The scourge of the Sentinels

 "I opened to my beloved, but he had turned and had gone. My soul failed me... I sought him, but could not find him. I cried out, but there was no answer.

Making their rounds, the Sentinels came upon me - they beat and wounded me, taking away my mantle - the 'guards' of the city walls" Song of Songs 5:6 & 7.

It is terrible when hope is taken from us. As with the woman in this love poem, we die inside, but something even worse can then follow. When we loose our intimate connection with the one who is the dayspring of existence, we find ourselves left only with the rude and punishing requirements of the 'sentinels' - those precepts which wish to reduce to something viewed as unworthy of any such splendour and affection.

A good example of this manner of trouble is seen in John 5, with the healing of a man who had been lame for 38 years.  The "crowd" are so perplexed by their pedantic fixation on what was lawful, that they entirely loose sight of Jesus, and end up not knowing who had actually performed the healing. As with the guards of the city in the song, they have absolutely no conception of what is actually taking place around them, or its profound significance, so they behave purely from their own, entirely incorrect instincts.

The writer of the song was very wise. In his book on the subject (proverbs), he speaks of the 'first tier' of such understanding being evidenced when we live our lives with genuine virtue. The 'second tier' is when we learn to accomodate suffering, respond well to injustice, and work through numerous times of hardship and perplexity. Jesus teaches us that there is a vital third tier - the 'dying' to live, the loosing to gain - the 'wild' drive of the lover in the poem, in other words, which compels us like her to pour out our lives in what is so risky, or viewed as wasteful, or foolish... pouring it all out as if there was an infinite capacity to expend what you are and what you have.

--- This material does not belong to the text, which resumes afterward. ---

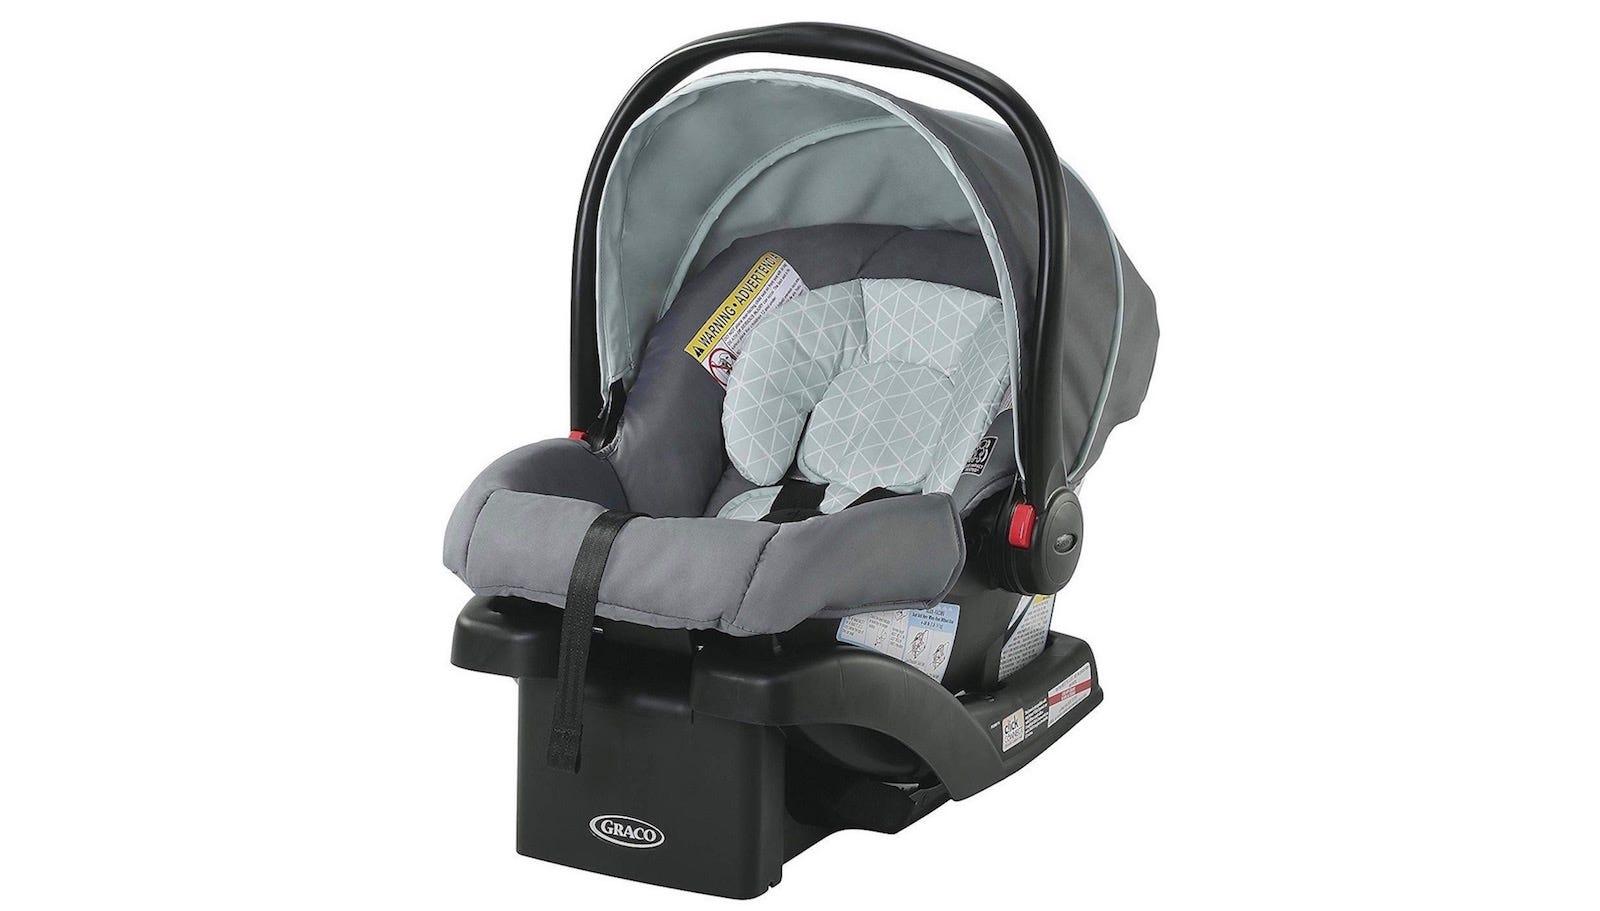 The Graco Snugride Click Connect Car Seat.

The 'guardians', no doubt, believed their role was to maintain some semblance of 'first tier' order, but the truth, of course, is their behaviour was well below even the most rudimentary requirements of such virtue (hence, their violence and malice in their behaviour). In contrast, the woman is acting at the highest level of what counts, because she faces her anguish and such aggression against her due to her total commitment to what mattered - re-uniting with the one she lived for.

Most of us, no doubt, vacilate on this scale. We can easily be as brutish as the sentinels in both our behaviour and our reductionism of what counts to a 'legal' rendering which leaves us way outside the actual bounds of what is desired to convey what is good, but hopefully, we will know the overwhelming beauty of the passion of the beloved - that all of life is worthwhile, even the painful aspects, because we are so totally and entirely loved by the one who has captured us.

It is when such virtue is in full flow that life reaches its true realm of joy bestowed through trial, because the love that surrounds us in such splendour cannot be quashed or denied, can never be suppressed, even by death.

May you and I be 'set as a seal' of such beauty upon the heart of the lover of us all!